Collected data: Begin

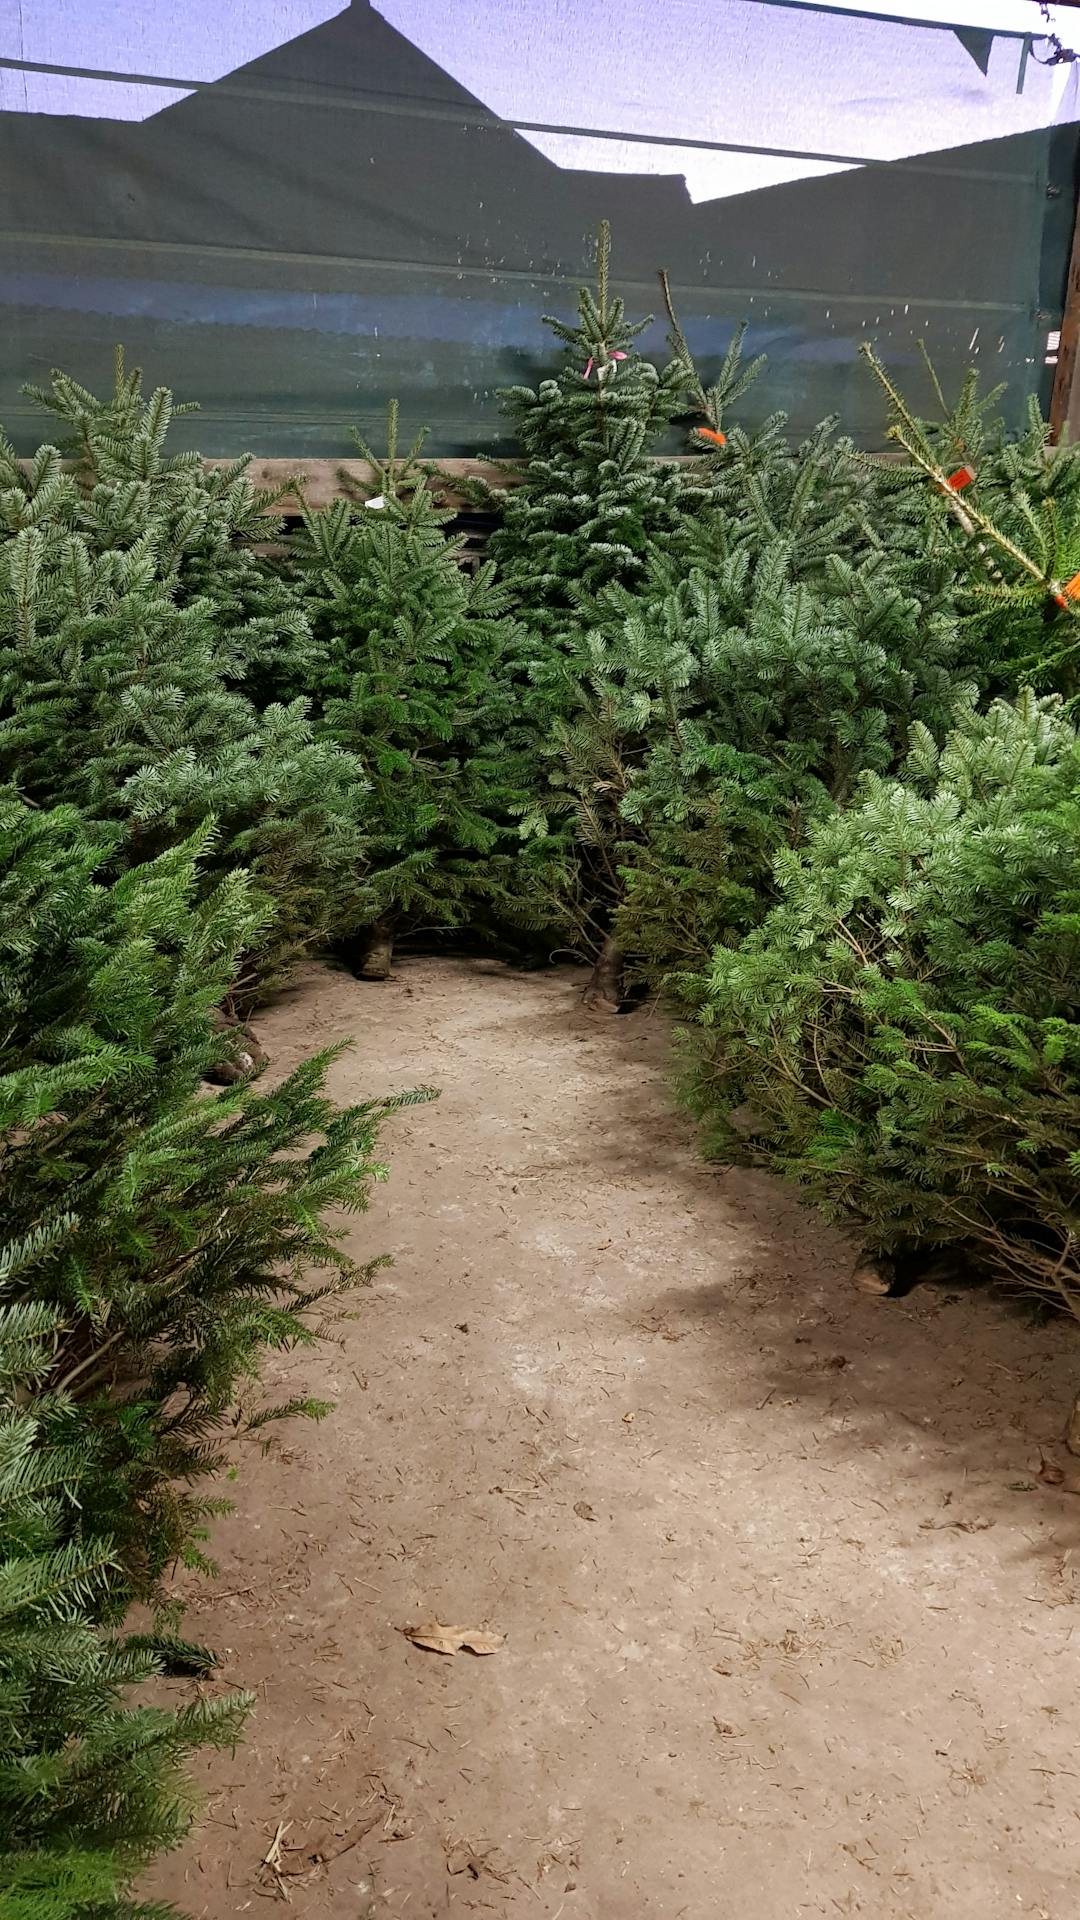 Hall Farm Christmas Shop & Christmas Trees - image 1
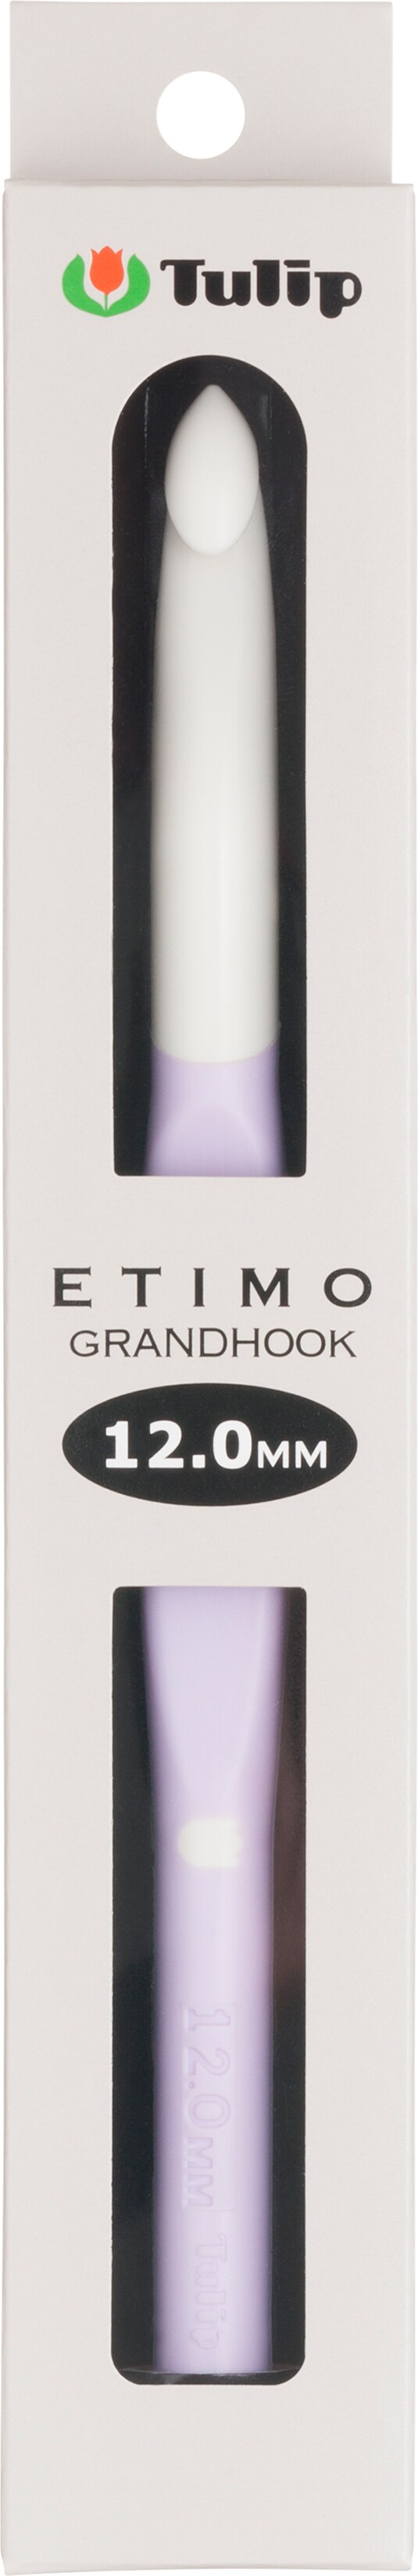 Etimo Grandhook  12mm — Loom + Spindle
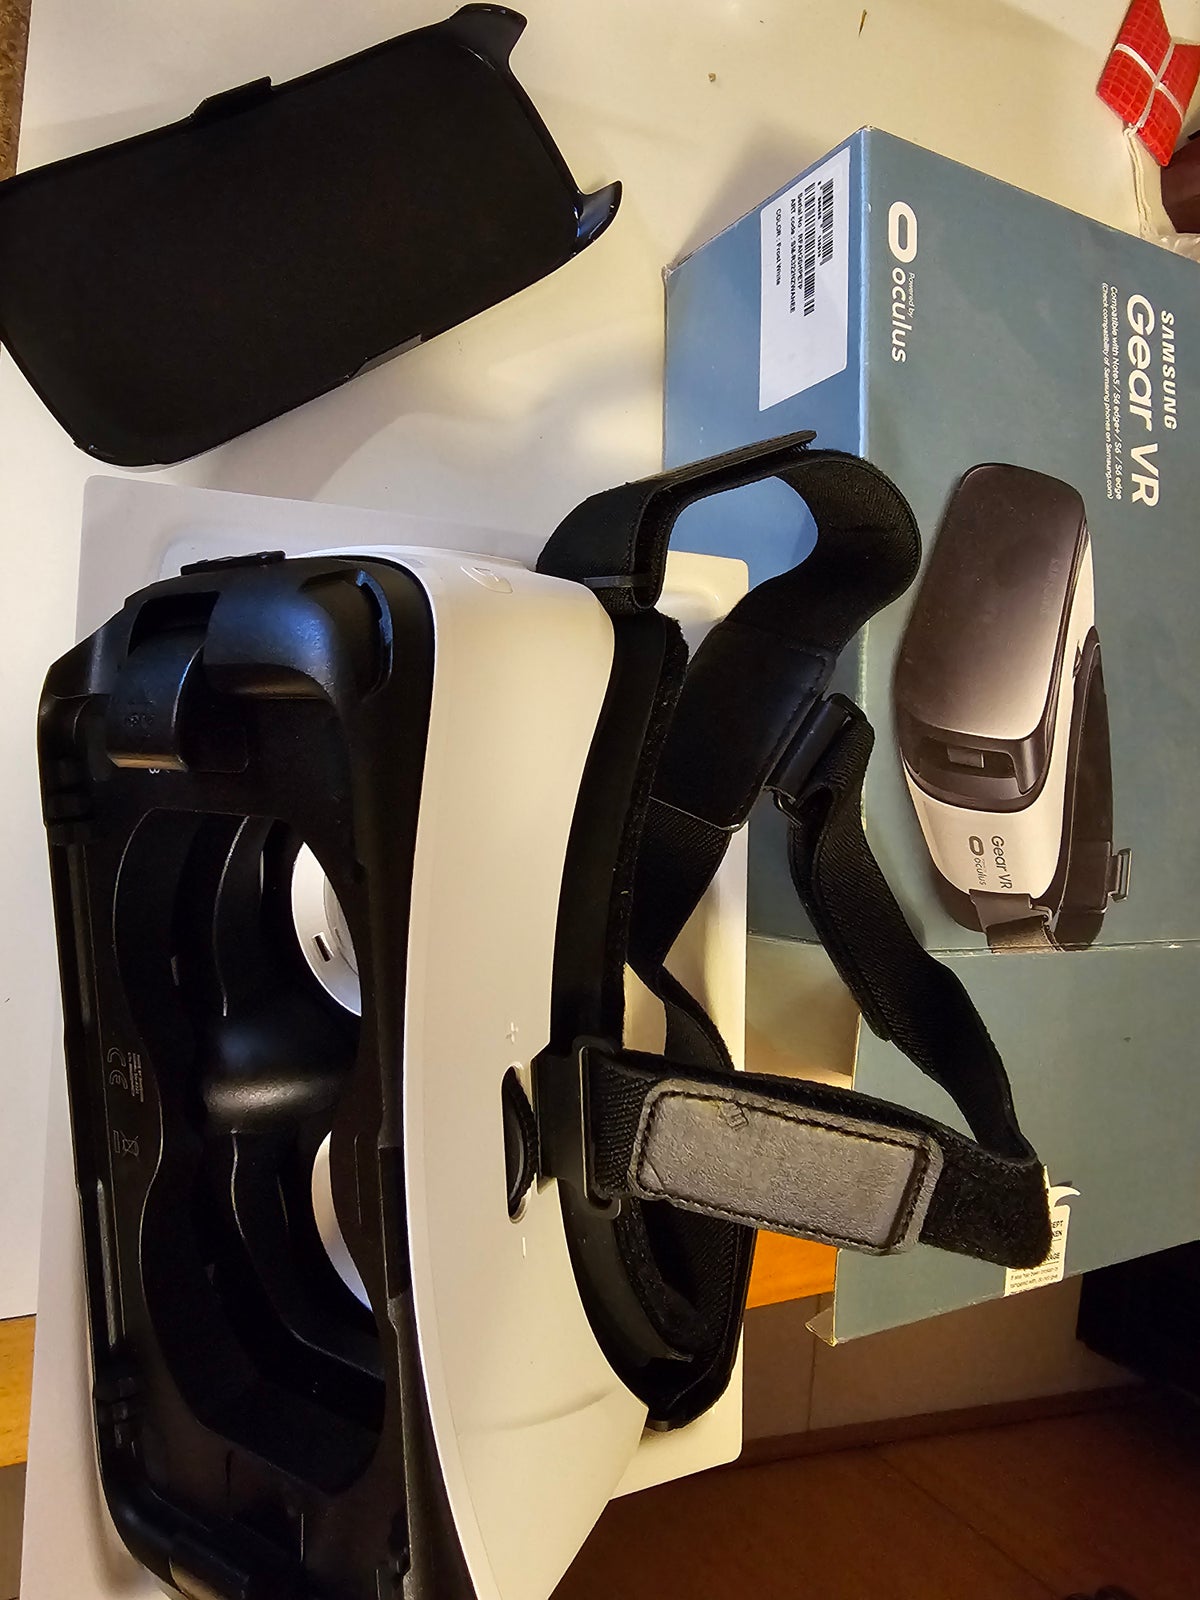 Andet tilbehør, amsung gear VR brille, Notes5,S6

Collected data: End

→ **Aim of the task**
Write out the material above once more, word for word. Images stay out.

→ **Result**
 Hall Farm Christmas Shop & Christmas Trees - image 1
 Etimo Grandhook  12mm — Loom + Spindle
 Andet tilbehør, amsung gear VR brille, Notes5,S6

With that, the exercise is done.